Schumer Announces Senate Poised To Restore Billions In Administration Cuts To New York Hospitals
Administration's Proposals Called for Slashing Benefits to Teaching Hospitals and NYC's Public Hospital System: Senate to Vote on Bill to Prevent CutsSenate to Protect Graduate Medical Education Program that Provides More than $550 Million a Year to New York State Teaching Hospitals
Senator Charles E. Schumer today praised passage in the Senate Appropriations Committee of a bill that will block hospital spending cuts sought by the Administration. The full Senate is expected to vote on the measure next week. Senator Schumer challenged the Administration on the cuts and has been working with Senate colleagues to restore the funding. The Supplemental Funding bill also prevents the elimination of the Medicaid Graduate Medical Education program, which provides funding to teaching hospitals.
"New York's public hospitals rely on federal funds to keep their doors open and to keep their quality of service high. Today, we've voted to make sure those doors stay open and New York City's hospitals receive the funding they need and deserve. New York is also facing significant doctor shortages, yet the President's proposals placed restrictions on funding for graduate medical education programs. This amendment will make sure that we don't have a shortage in funding for our graduate medical education and that assistance payments are readily available for medical and nursing students," Schumer said.
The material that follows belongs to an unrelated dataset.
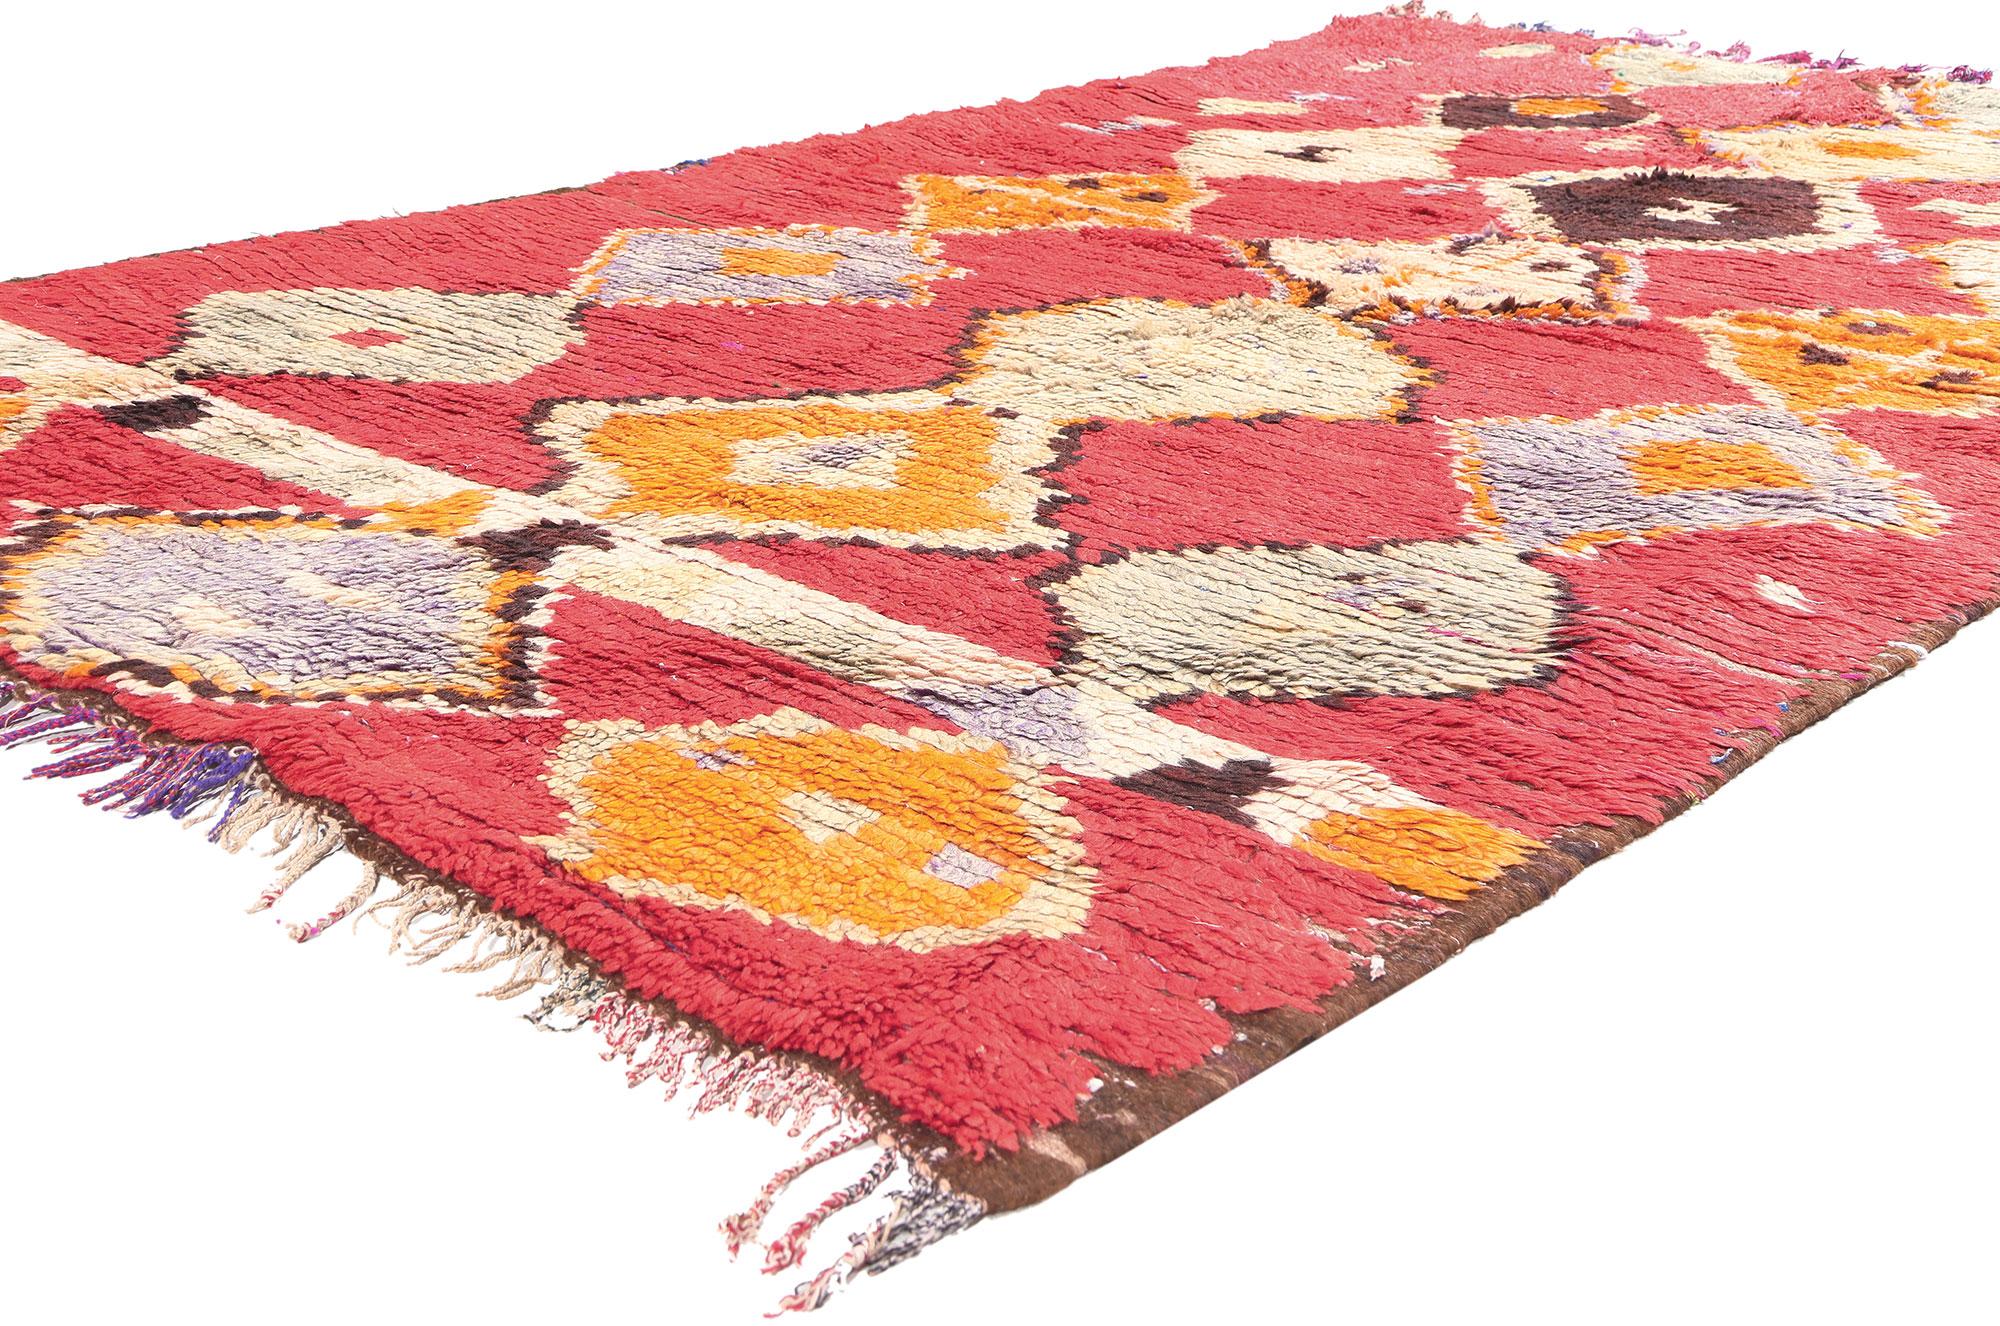 20386 Vintage Rot Boujad Marokkanischer Teppich, 04'09 x 08'03. Zelebrieren Sie den lebendigen Geist der Boujad-Teppiche, die aus der lebhaften Stadt Boujad in der Region Khouribga stammen und für ihre exzentrischen und künstlerischen Designs

In January, the Centers for Medicare and Medicaid Services proposed a regulation that would have cut nearly $350 million annually from the New York City Health and Hospitals Corporation (HHC). This regulation, which was part of the President's 2007 budget, would have been enacted this September if Congress did not intervene. In addition, the President's proposed 2008 budget called for the elimination of the Medicaid Graduate Medical Education program. If enacted, this proposal would have cut funding for teaching hospitals across New York State by an average of more than $550 million annually, totaling $2.7 billion over the next five years. New York teaching hospitals train one out of every seven doctors in this country. Senator Schumer grilled Department of Health and Human Services Secretary Leavitt on both of these cuts when he appeared before the Senate Finance Committee earlier this year. The Supplemental Funding bill, as passed by the Appropriations Committee this week, would prevent both of these cuts from being enacted this year. The full Senate is expected to vote on the funding bill next week.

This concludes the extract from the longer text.